━━━ Source material

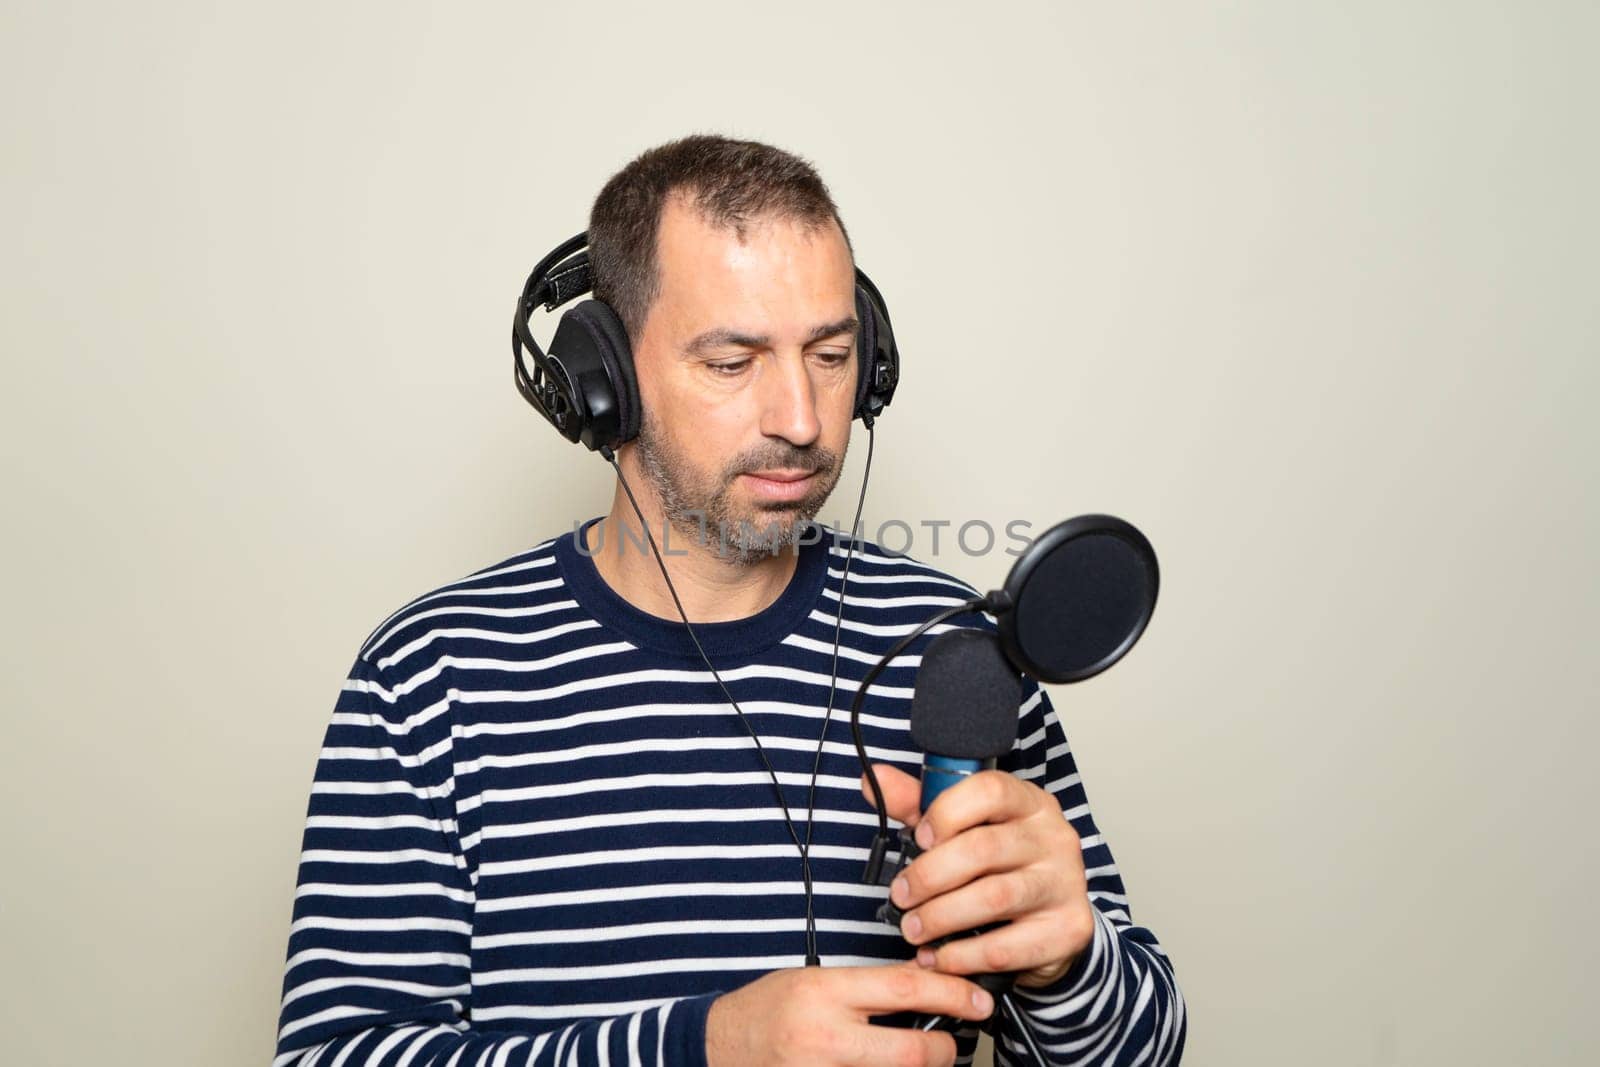 Bearded Hispanic man in his 40s wearing a striped sweater looking confused while inspecting a microphone and headphones, isolated on beige background. by Barriolo82
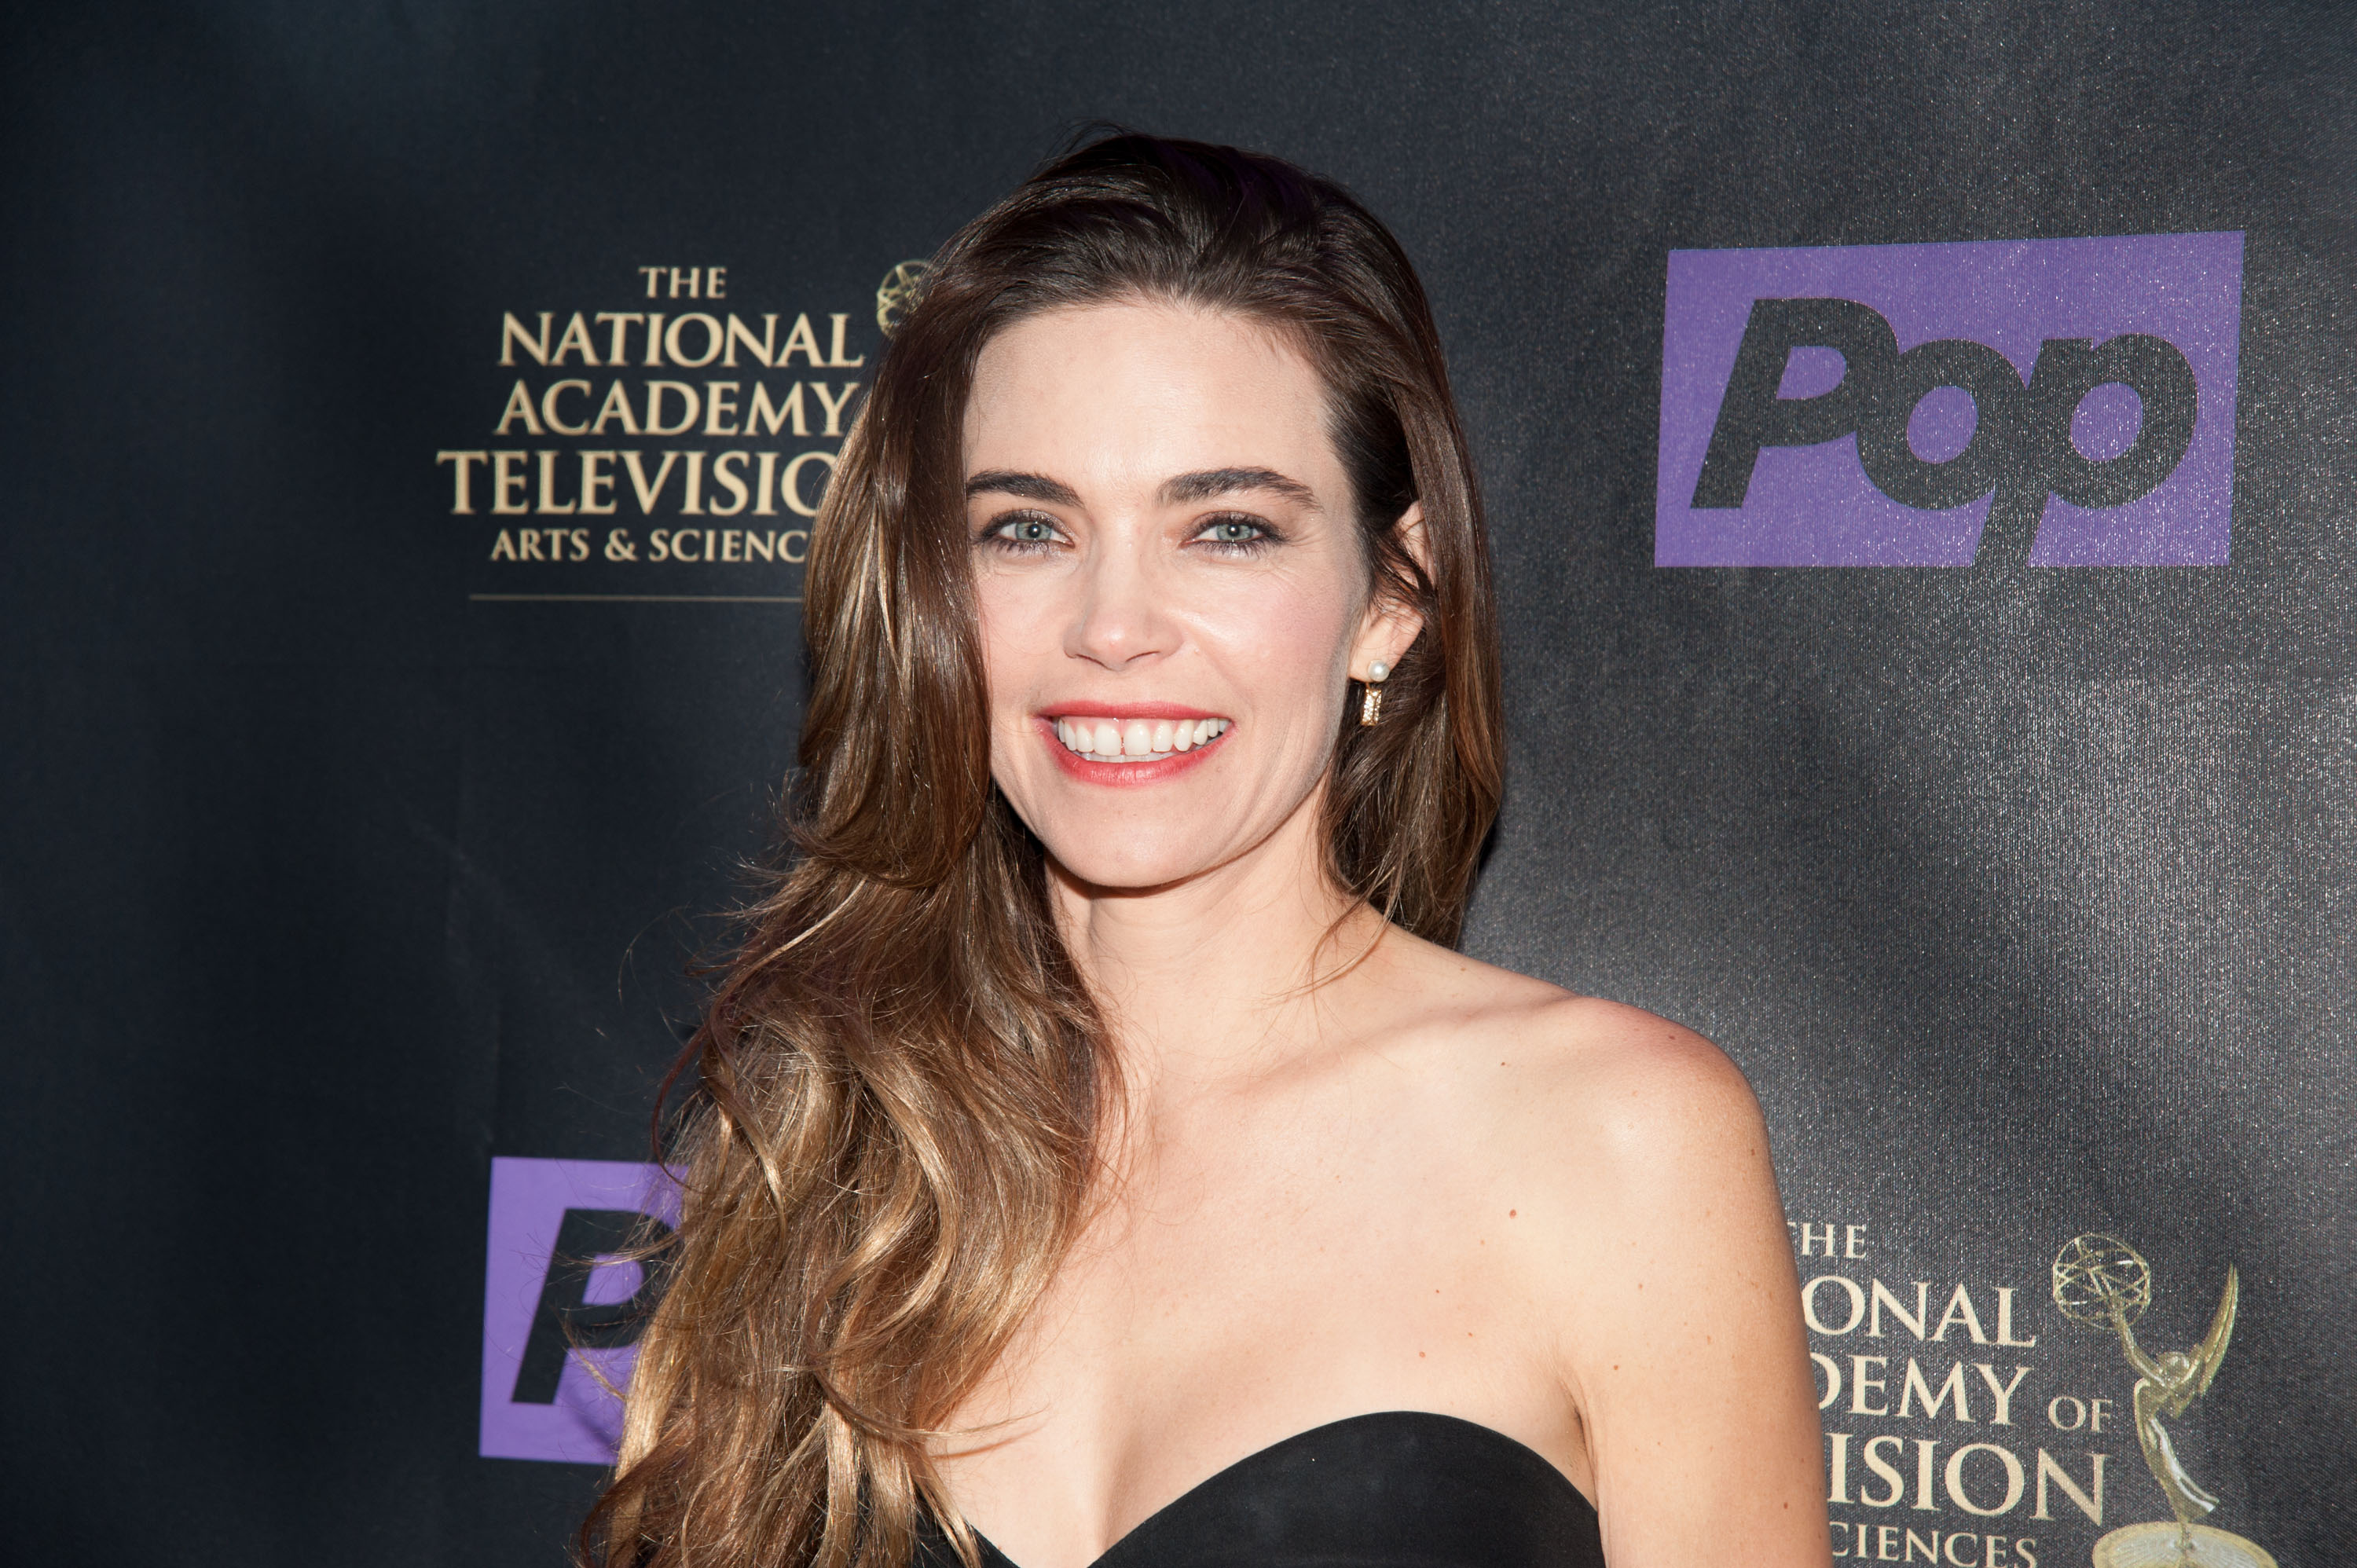 'The Young and the Restless' actor Amelia Heinle wearing a black strapless dress.
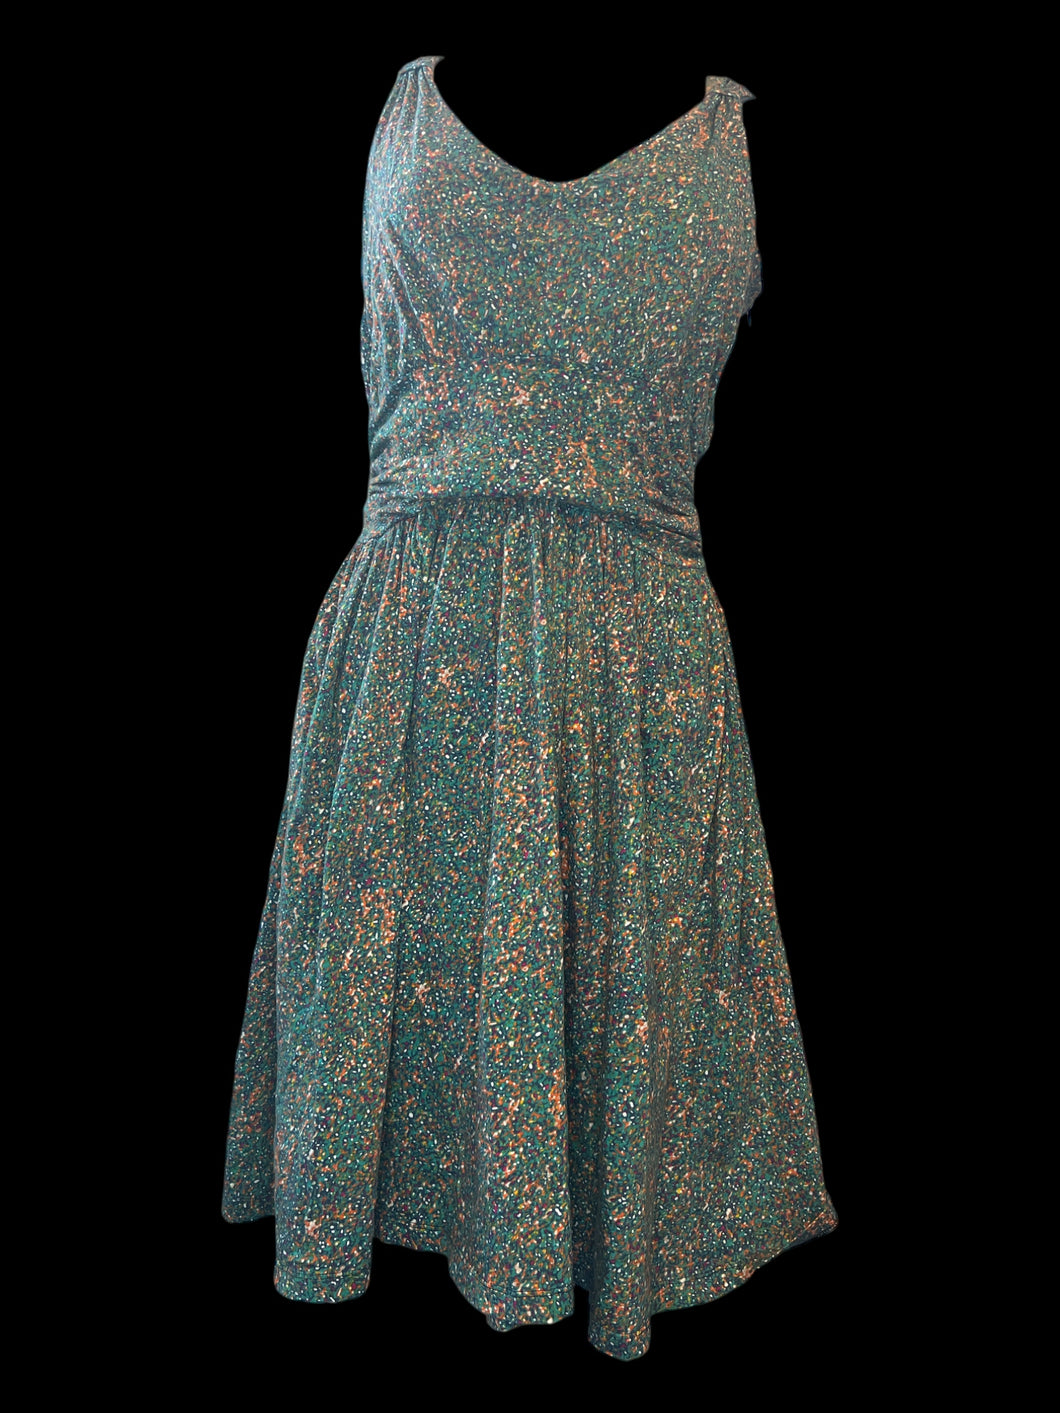 L Teal & multicolor abstract pattern sleeveless dress w/ v neckline, ruched details, a-line skirt, & side zipper/clasp closure

━━━━━━

A faithful copy of all the lines above is needed, with the pictures omitted.

 Bearded Hispanic man in his 40s wearing a striped sweater looking confused while inspecting a microphone and headphones, isolated on beige background. by Barriolo82
 'The Young and the Restless' actor Amelia Heinle wearing a black strapless dress.
 L Teal & multicolor abstract pattern sleeveless dress w/ v neckline, ruched details, a-line skirt, & side zipper/clasp closure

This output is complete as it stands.